One day as I worked to overcome a persistent sense of weariness, I called for help from a Christian Science practitioner. As I was calling, I was experiencing a cessation of control over my whole left side, and as I tried to talk, my words were jumbled. I tried to lift a simple cup of a hot drink, but could not grip it.
In a brief time, maybe a few minutes, I felt as if I were watching from somewhere outside—but with disbelief and instant rejection of the picture. The facial distortion I saw in a nearby mirror was not me—the “me” that I knew and worked to express as a spiritual idea. The “me” that I knew as an active spiritual identity was coordinated, symmetrical, effective. The “me” that I knew had been shepherded for so long by God—and was ever obedient to a practiced, proven truth:
“Wisdom in human action begins with what is nearest right under the circumstances, and thence achieves the absolute” (Mary Baker Eddy, Miscellaneous Writings 1883–1896, p. 288).

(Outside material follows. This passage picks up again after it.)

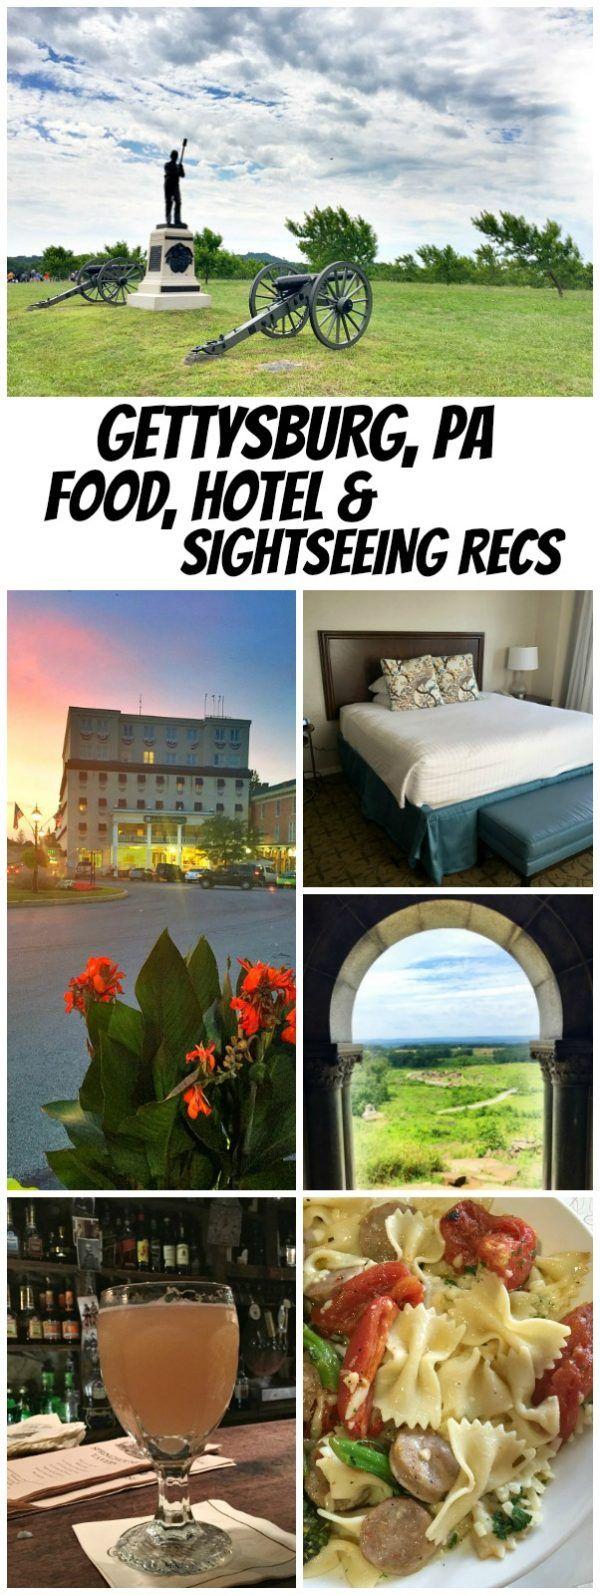 Gettysburg Hotel Review: + Gettysburg Restaurant Reviews and a peek at the Gettysburg Battlefield.  Gettysburg, Pennsylvania

While I struggled to articulate to the practitioner what was happening, I kept mentally rejecting the symptoms. Recalling a rapid Christian Science healing of a similar physical condition years earlier, I was not afraid. Wonderful statements from the Bible and Science and Health with Key to the Scriptures, by Mary Baker Eddy, came to me such as “In God I have put my trust; I will not fear what flesh can do unto me” (Ps. 56:4). “Resist evil—error of every sort—and it will flee from you” (Science and Health, p. 406).